I can't imagine how you got the POS after reading negative reviews here ...:eek2:


----------



## gtal98 (Jan 30, 2011)

You should definately get it replaced, but 612's can be fine. If you're going to have trouble with one it'll show up right away as the one you have is doing. If you did get a 622/722 and run it in single mode you would get the benefit of picture-in-picture.


----------



## pistolpete52 (Sep 3, 2010)

P Smith said:


> Definitely.
> 
> I can't imagine how you got the POS after reading negative reviews here ...:eek2:


I hadn't read the reviews until my DVR started going haywire. I just accepted what the installer gave me. Will it cost me more to get the 922??


----------



## robinandtami (Oct 24, 2010)

"pistolpete52" said:


> I hadn't read the reviews until my DVR started going haywire. I just accepted what the installer gave me. Will it cost me more to get the 922??


Probably, but the 722 shouldn't cost extra.


----------



## P Smith (Jul 25, 2002)

pistolpete52 said:


> I hadn't read the reviews until my DVR started going haywire. I just accepted what the installer gave me. Will it cost me more to get the 922??


$199 upfront easy ... or $299


----------



## klang (Oct 14, 2003)

I have two 612's that work perfectly fine.


----------



## Polardog (Mar 5, 2008)

gtal98 said:


> You should definately get it replaced, but 612's can be fine. If you're going to have trouble with one it'll show up right away as the one you have is doing. If you did get a 622/722 and run it in single mode you would get the benefit of picture-in-picture.

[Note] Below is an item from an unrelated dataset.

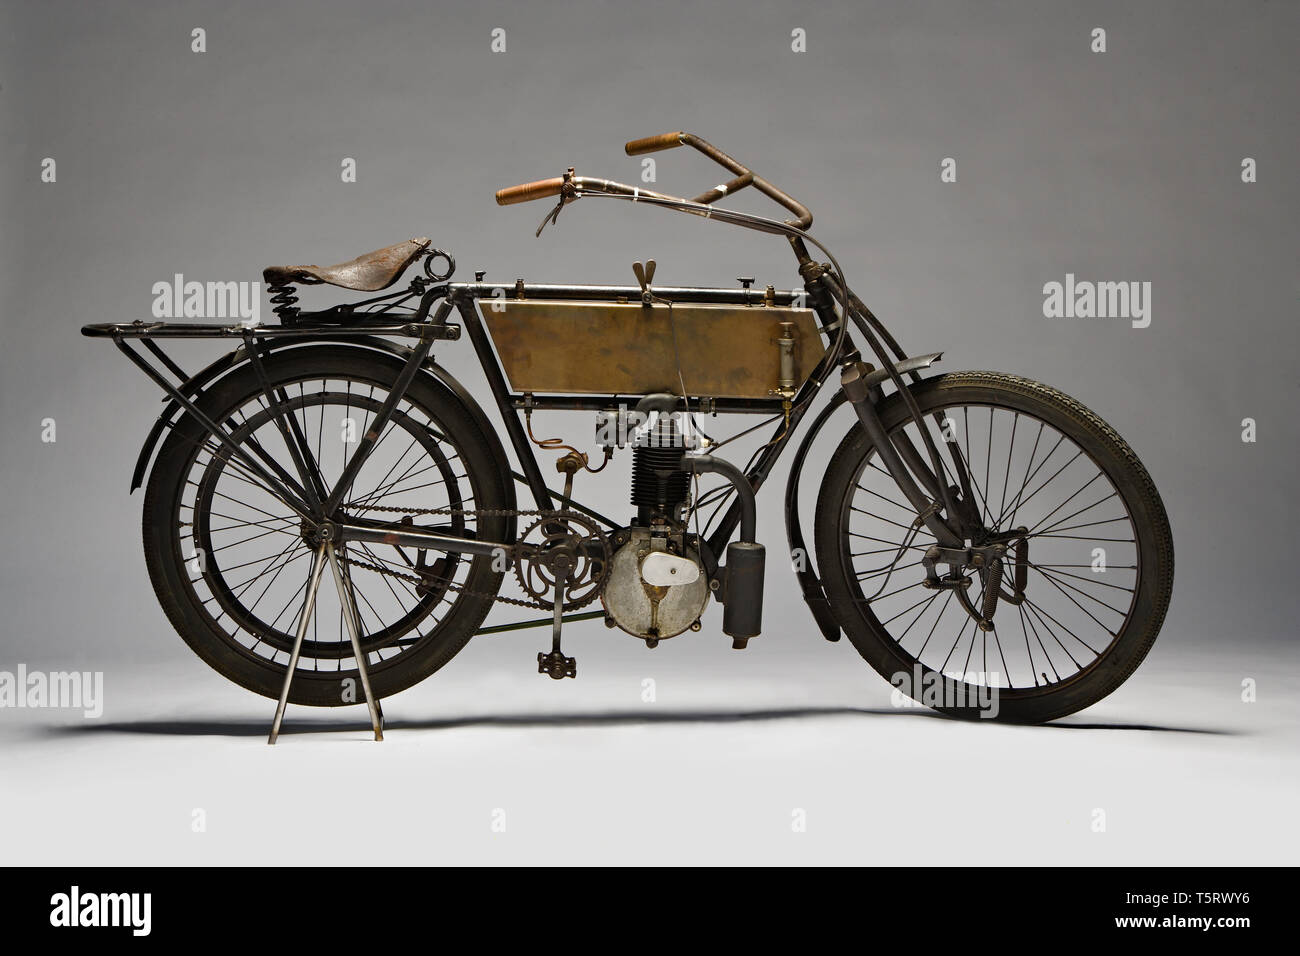 Moto d'Epoca Zedel - Frera 3 Marca: Hp - Frera Zedel modello: 3 Hp nazione: Svizzera - Saint Aubin anno: 1903 condizioni: restaurata cili Foto de stock

I'm on my 3rd VIP612 since I upgraded to HD about 3 years ago.
The first 2 were constantly freezing and were an annoyance.
While my current 612 still has a few glitches and is not perfect, it serves me well compared to the first two 612's. 
I use my 612 many hours each day, use record and playback feature of the DVR everyday and heavily use other features. All in all I would say it is a pretty good unit perfect for what I need for watching TV.
BTW, I've had my current 612 for over 2 years and it was a refurb upon arrival. And those few glitches I speak of are an occasional 5 or so second picture freeze and an out of nowhere reboot here & there.


----------



## finniganps (Jan 23, 2004)

Amazing to me how we accept problems with electronic equipment but would NEVER put up with it if it was our car, power tools, etc. They have convinced us to accept the deficiencies because it's better than NOT having a DVR. The closest thing to a bullet proof DVR IMO is the TiVo, but I HATE the user interface and several "features" and still prefer the Dish DVRs - even with their problems.


----------